Thomas Chalmers (rugby)
|Birth name||Thomas Chalmers|
|Date of birth||19 March 1850|
|Place of birth||Glasgow, Scotland|
|Date of death||25 May 1926|
|Place of death||Glasgow, Scotland|
|Rugby union career|
Thomas Chalmers was born in Glasgow, the son of a merchant draper. He married Marion Dun Carrick, sister of the famed James Stewart Carrick, in 1883 and they had one son, Archibald Patrick Chalmers, born in 1888. Thomas Chalmers died in Glasgow in 1926.
One of the earliest Scottish players, he is sometimes considered the first great Scottish rugby fullback. He played in the first six international test matches, all of them against England, between 1871 and 1876, including Scotland's very first match.
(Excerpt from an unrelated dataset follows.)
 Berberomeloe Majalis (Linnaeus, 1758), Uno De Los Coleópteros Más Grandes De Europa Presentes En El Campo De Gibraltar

He was a solid tackler, good kicker and handy dribbler (a tactic of the time). He played club rugby for the Glasgow Academicals, which was the strongest club in Scotland at the time.
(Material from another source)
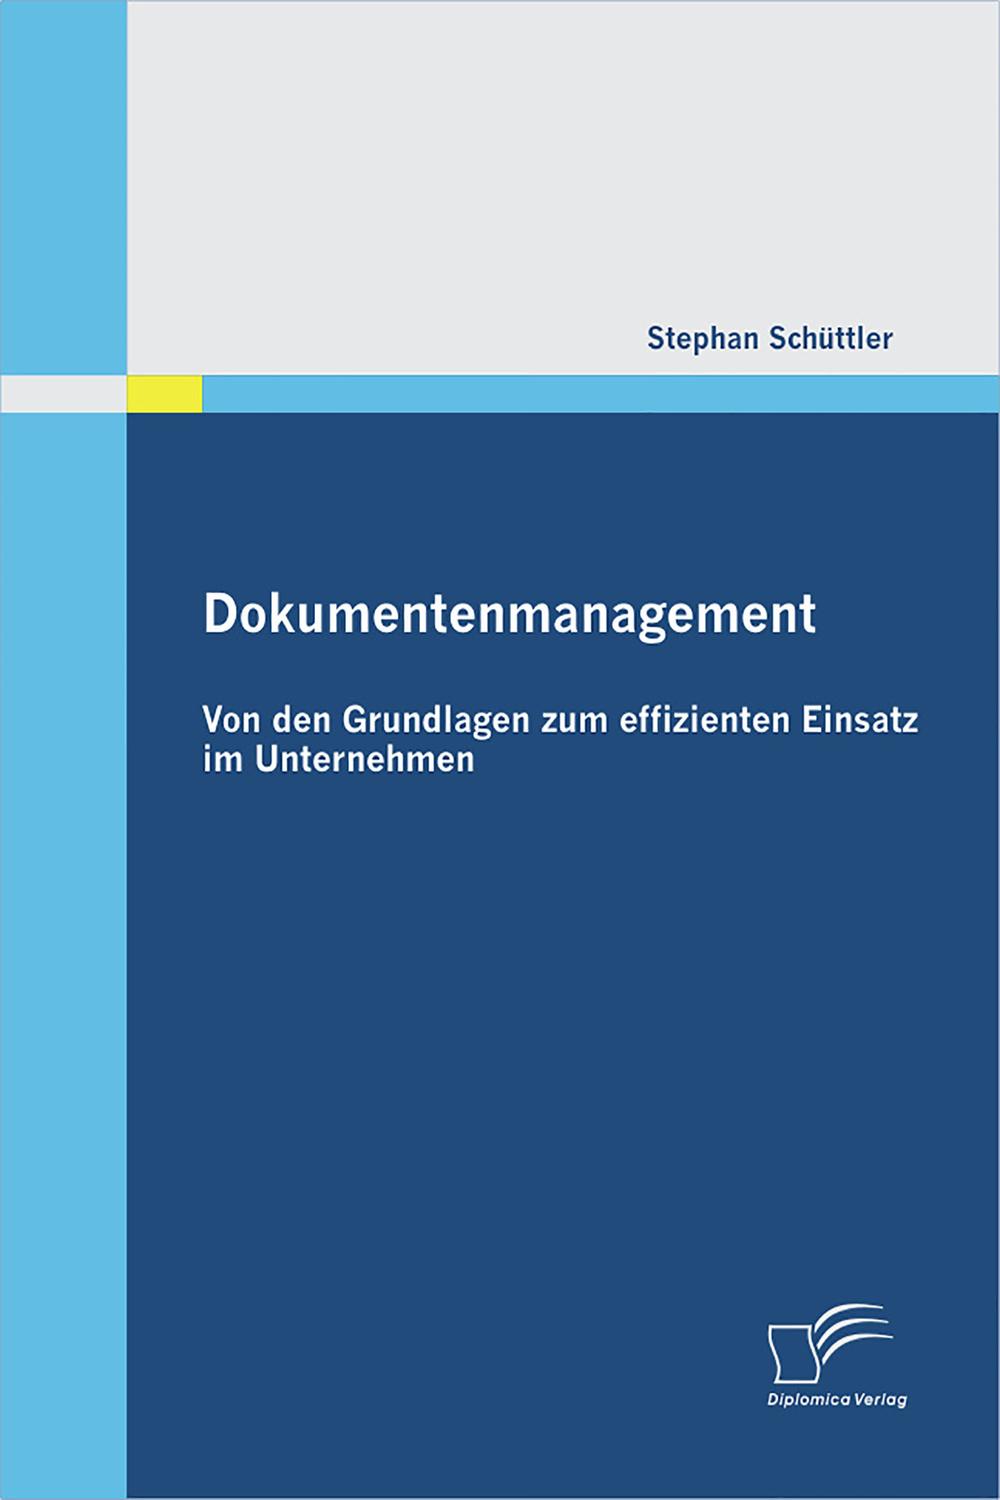 Dokumentenmanagement: Von den Grundlagen zum effizienten Einsatz im Unternehmen - Stephan Schüttler

He played in the world's first inter-district provincial match on 23 November 1872. Chalmers represented Glasgow District in their match against Edinburgh District on that date.
In October 1872, Chalmers took part in a trial match for the Scotland team for the first association football international match against England and was named in the list of 17 possible players. Chalmers was praised as "a capital goalkeeper, albeit the rules were new to him." In the event, the entire Scottish team was made up of members of the Queen's Park club.
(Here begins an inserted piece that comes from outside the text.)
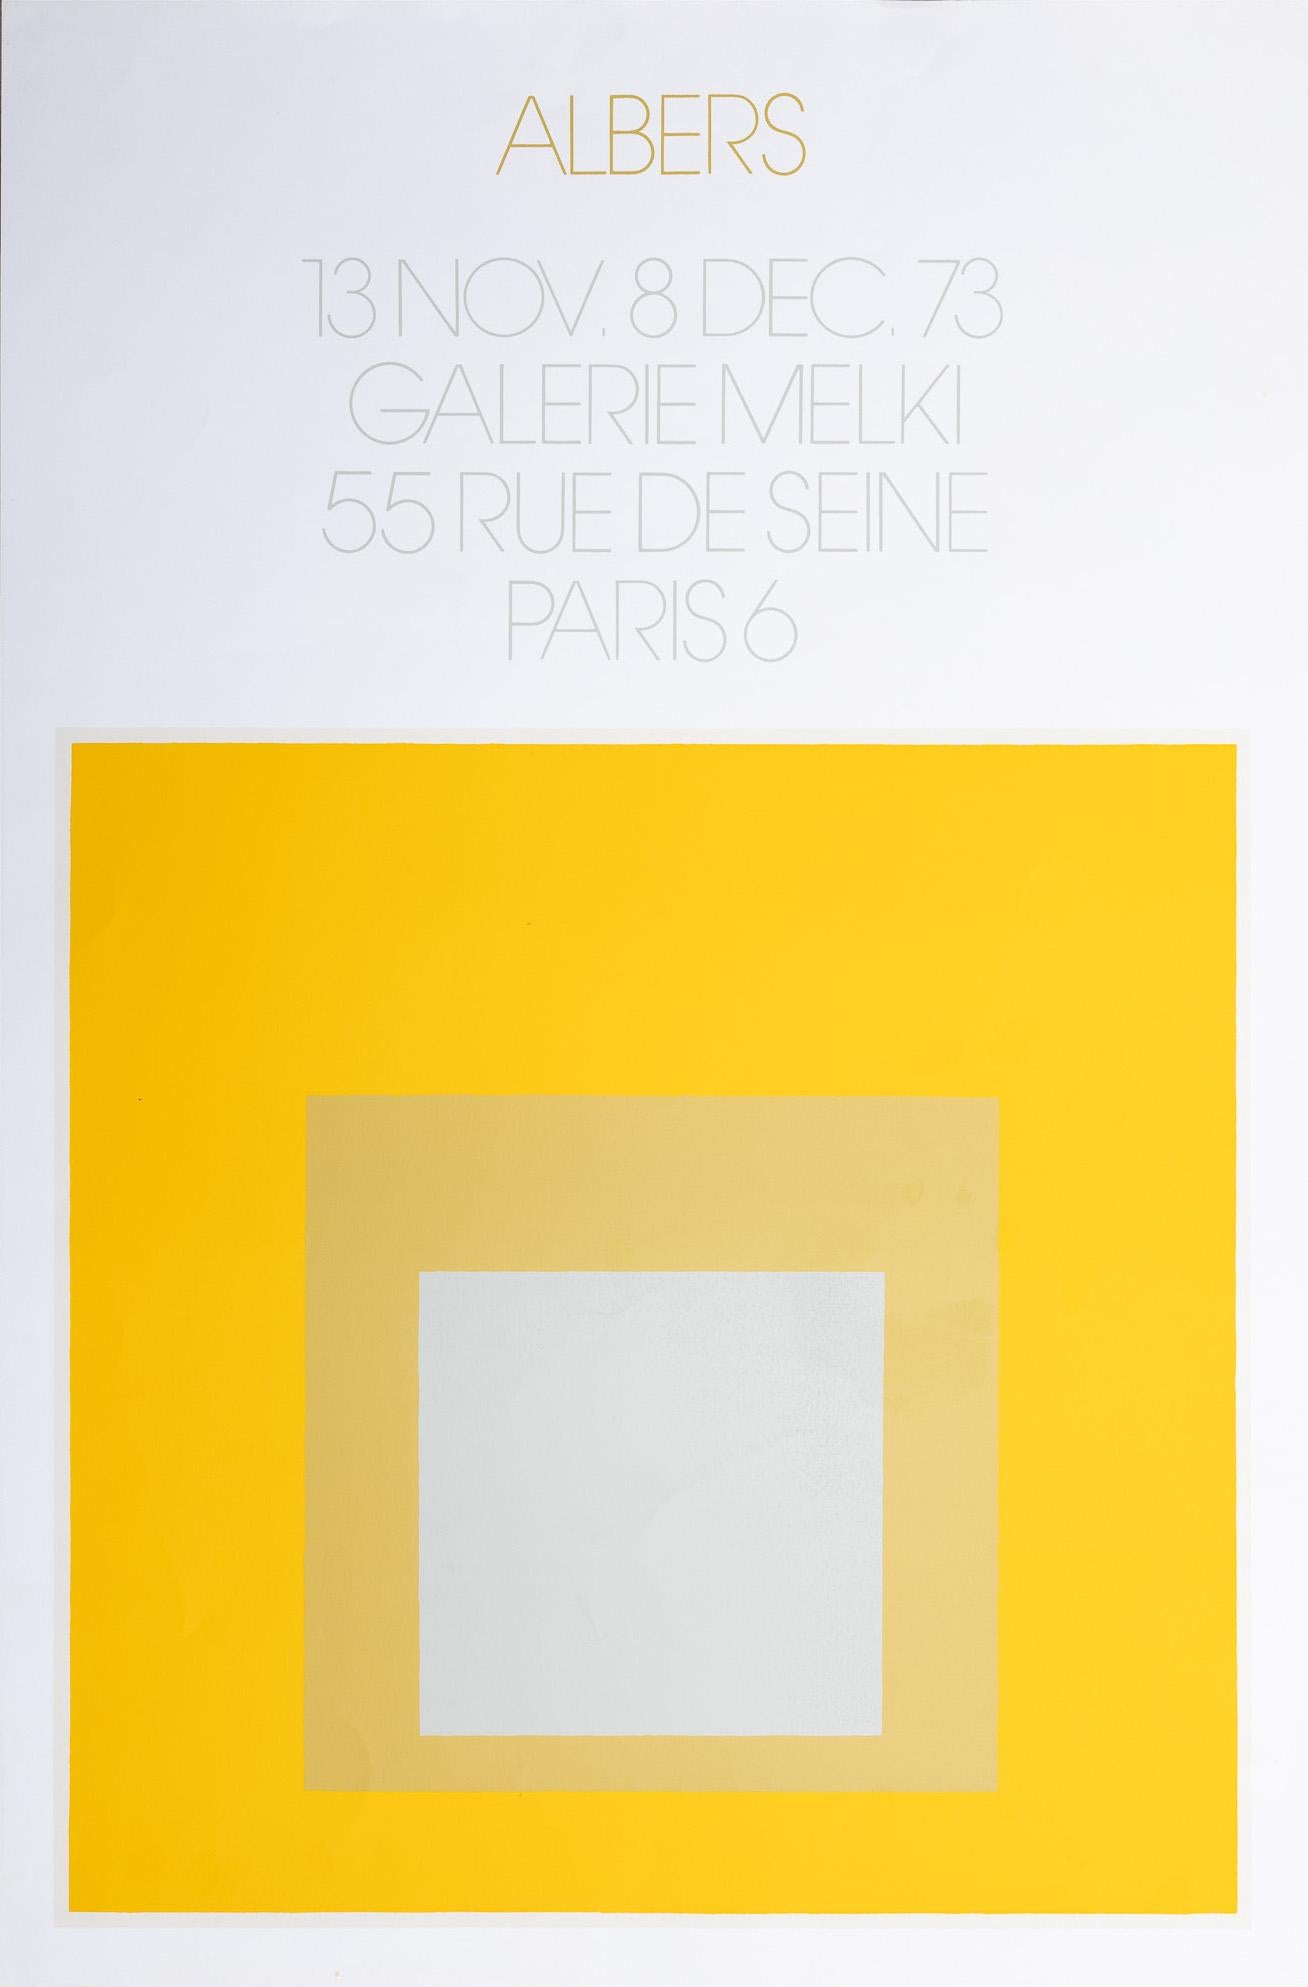 Affiche sérigraphiée de la Galerie Melkie 55 rue de Seine, Paris, 6 pièces - Print de Josef Albers

He was a cousin of the Neilson brothers, who played for Scotland and then became Presidents of the SRU (then the Scottish Football Union) and his nephew John Knox played in the 1903 Triple Crown winning rugby team.
He also represented Scotland at cricket. He was an excellent batsman and a good medium paced bowler. On one occasion playing for West of Scotland against Australia in 1878 he scored 38 against the bowling of Fred Spofforth, Garrett and others.